BALTIMORE, MD (ASRN.ORG) - Premature babies born with severe forms of the potentially blinding eye condition retinopathy of prematurity (ROP) should be treated promptly after diagnosis because they continue to benefit from early therapy well into their preschool years, according to a nationwide study conducted at John Hopkins Children's Center and 25 other pediatric hospitals.
ROP, a disorder affecting about 15,000 U.S. babies each year, is marked by abnormal growth of blood vessels in the eyes that causes scarring and detachment of the light-collecting retina.
The new study builds on research published by the same group in 2003, which found that earlier surgery in infants to remove abnormal blood vessels improved outcomes to age 2 in the youngest children with severe forms of the disease, defined by dilated blood vessels in the retina growing in a twisted pattern. Such children are treated with laser surgery or cryotherapy (freezing), both of which involve destroying the chaotically growing blood vessels to prevent further retinal damage and vision loss. Until the first study, however, the standard treatment for such infants was to hold surgery until the risk of retinal detachment reached 50 percent, but with early treatment, children with severe forms of the disease undergo surgery before they reach the 50 percent threshold.
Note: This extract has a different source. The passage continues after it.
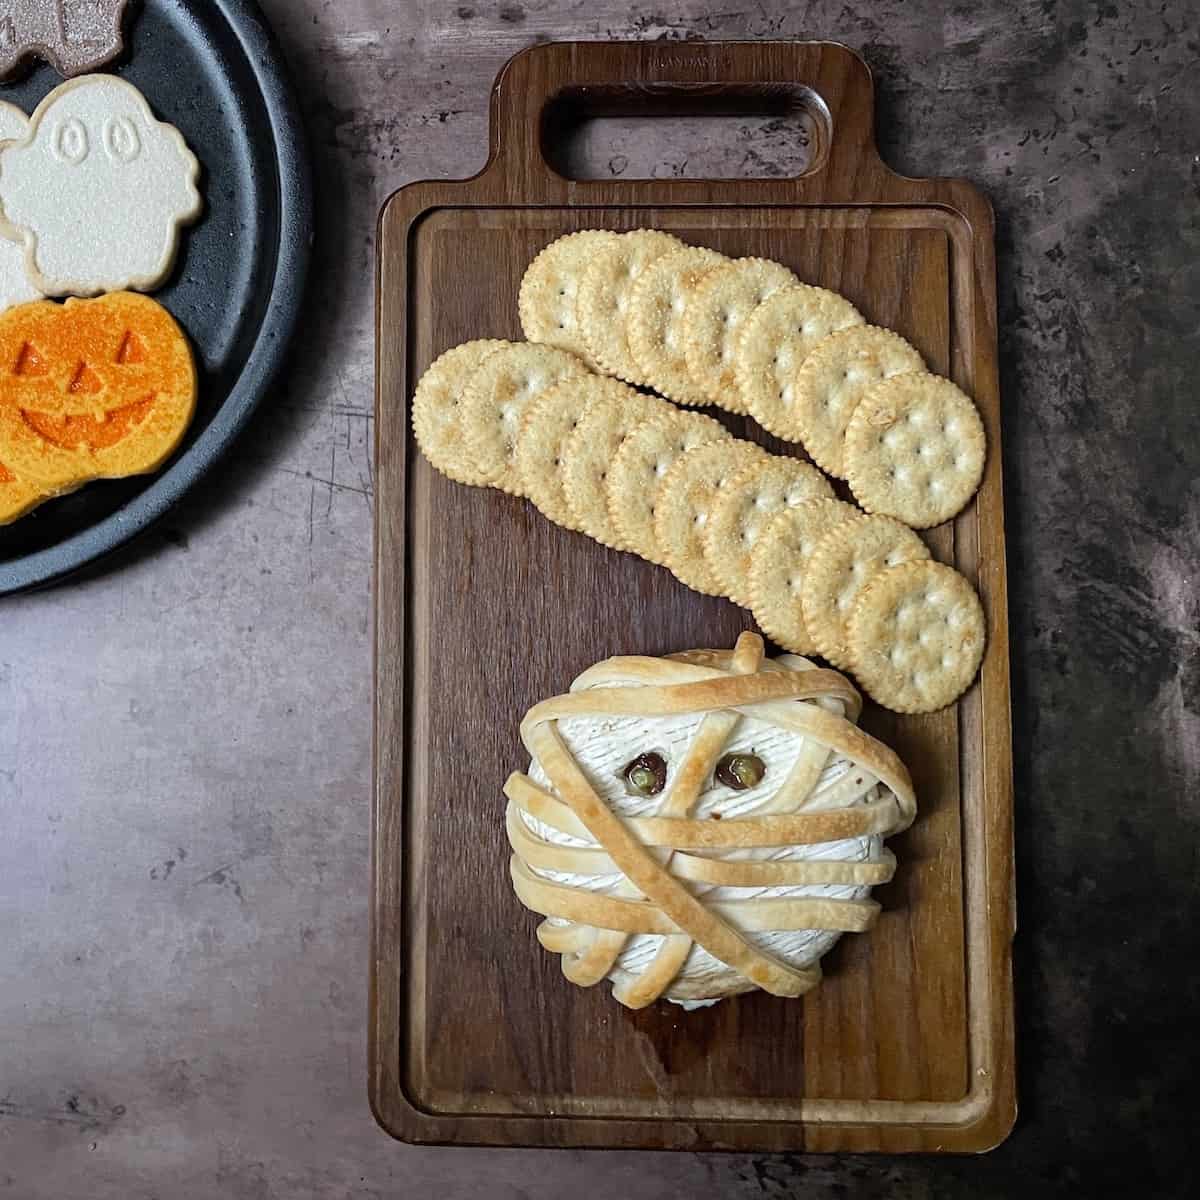 Mummy Baked Brie for Halloween

In the second phase just reported, the researchers followed 370 of the original 401 patients through age 6 and not only confirmed the early findings, but also showed that high-risk children continue to do well at age 6 if they received the early treatment.
The team also confirmed results from the first study that children with milder forms of ROP do not benefit from early treatment and more than half improve without it. These findings, the researchers say, underscore the importance of careful monitoring rather than aggressive treatment of those low-risk children.
“Our new findings have answered the most vexing question — do the benefits persist — after the original study and in doing so further highlight how critical it is to tailor treatment decisions to each individual patient’s risk and overall medical condition,” said the study investigator.
In the follow-up study, nearly 75 percent in the high-risk group had good visual acuity after early treatment, compared to 67 percent among those who received standard treatment. Also, 15 percent of high-risk eyes treated under the standard protocol had substantial retinal damage, compared with only 9 percent of high-risk eyes treated early.
These findings should help pediatric ophthalmologist move away from one-size-fits-all medicine toward more individualized therapy, the investigators say.
“The long-term study has given clinicians evidence that infants with ROP should be treated with different strategies based on an infant’s risk for a severe form of the disease, which can be determined through an exam at the bedside,” said lead investigator William V. Good, M.D., of Smith-Kettlewell Eye Research Institute in San Francisco.
Investigators caution that not all children who qualified as high risk benefited from early therapy, and some of them developed vision loss despite their treatment. The finding emphasizes the critical importance of ROP prevention, the researchers say, because even with proper and timely treatment, some children do not do well.
The majority of babies born with ROP have a mild form of the disease that does not require treatment, but those with more severe forms tend to develop visual impairment, even blindness. Up to 600 infants become legally blind each year in the United States because of ROP, the investigators estimate.